Я молча кусаю губы, уже жалея, что завела такой разговор. У Демида до сих пор не отболело, до сих пор не затянулась рана, а я тут со своими расспросами. Никто такого не заслуживает, но у меня язык не поворачивается сказать, что и Лютый не заслуживает тоже. Знаю, что Демид не хочет этого слышать и Костя, наверное, и правда тот самый монстр, о котором он говорил. Но желать смерти — это слишком. И в то же время Демида я понимаю. Переживи я такую потерю, уверена, сама бы ненавидела человека, который к ней причастен даже косвенно и всего на два процента.

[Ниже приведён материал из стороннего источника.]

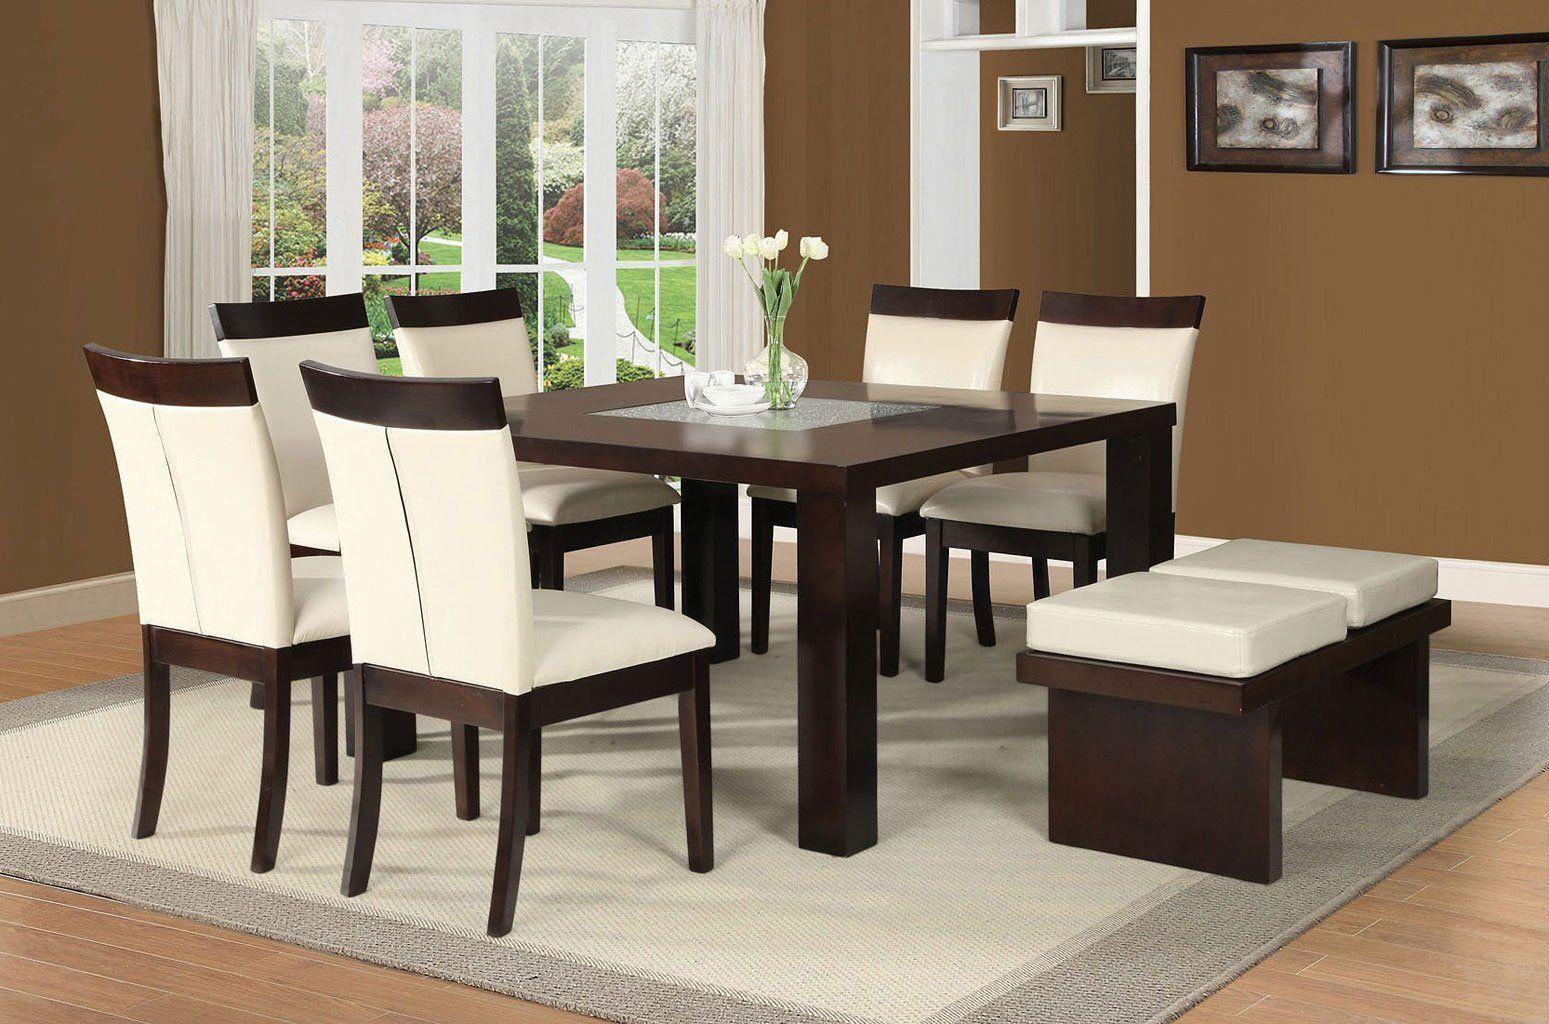 Keelin Dining Room Set Square Dining Room Table Modern Dining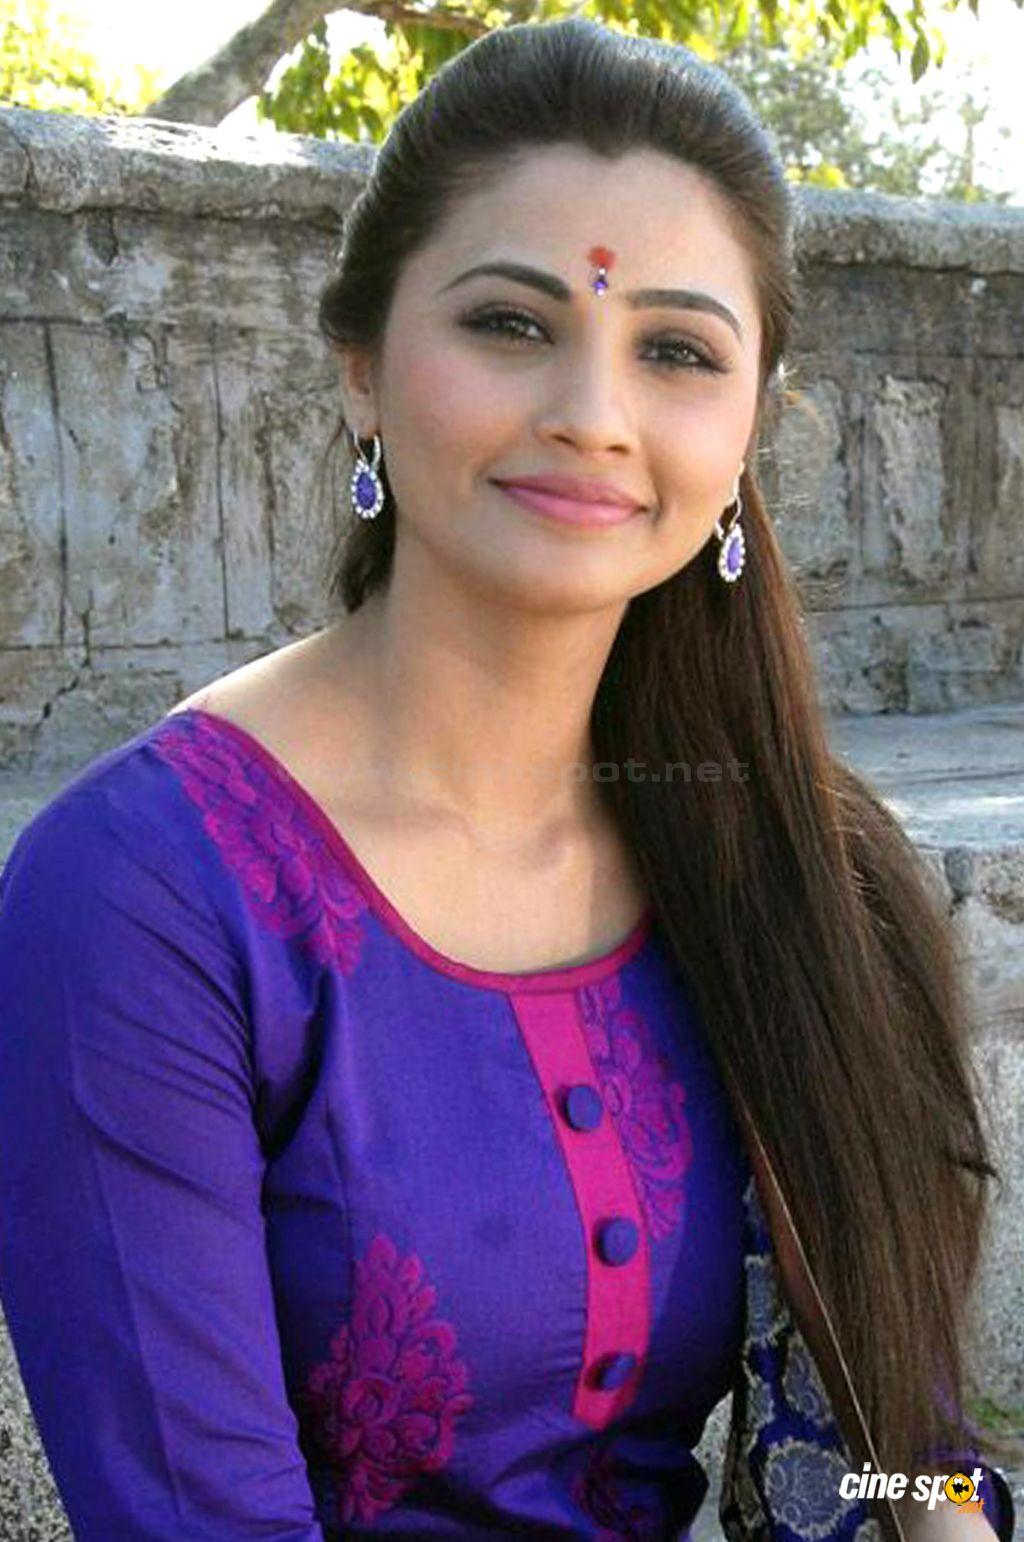 Indian Desi Hot Sexy Girls: Indian Beautiful Desi Girls 2015

— Извини, — говорю сдавленно, — Я не хотела.
— Все нормально. Я мало с кем об этом разговариваю, как ты понимаешь. Даже хорошо, что ты спросила, — невесело улыбается Демид.
Я вижу в его глазах эту бесконечную нечеловеческую боль, угасшую надежду и меня разрывает от всего этого. Когда-то я прочитала пафосные слова, что сильным людям не нужна жалость. Но на самом деле она нужна всем, особенно в такие моменты. И нет ничего унизительного в том, что тебя задевает чужая боль настолько, что ты готов ее разделить. Лишь бы другому человеку стало легче.
Не знаю, как поддержать его, какие подобрать слова. Все будет звучать не так или фальшивить.
— Можно заночевать у тебя? — вырывает из невеселых раздумий голос Рокотова, — Я просто сутки не спал, подремлю пару часов и поеду, пока не рассвело.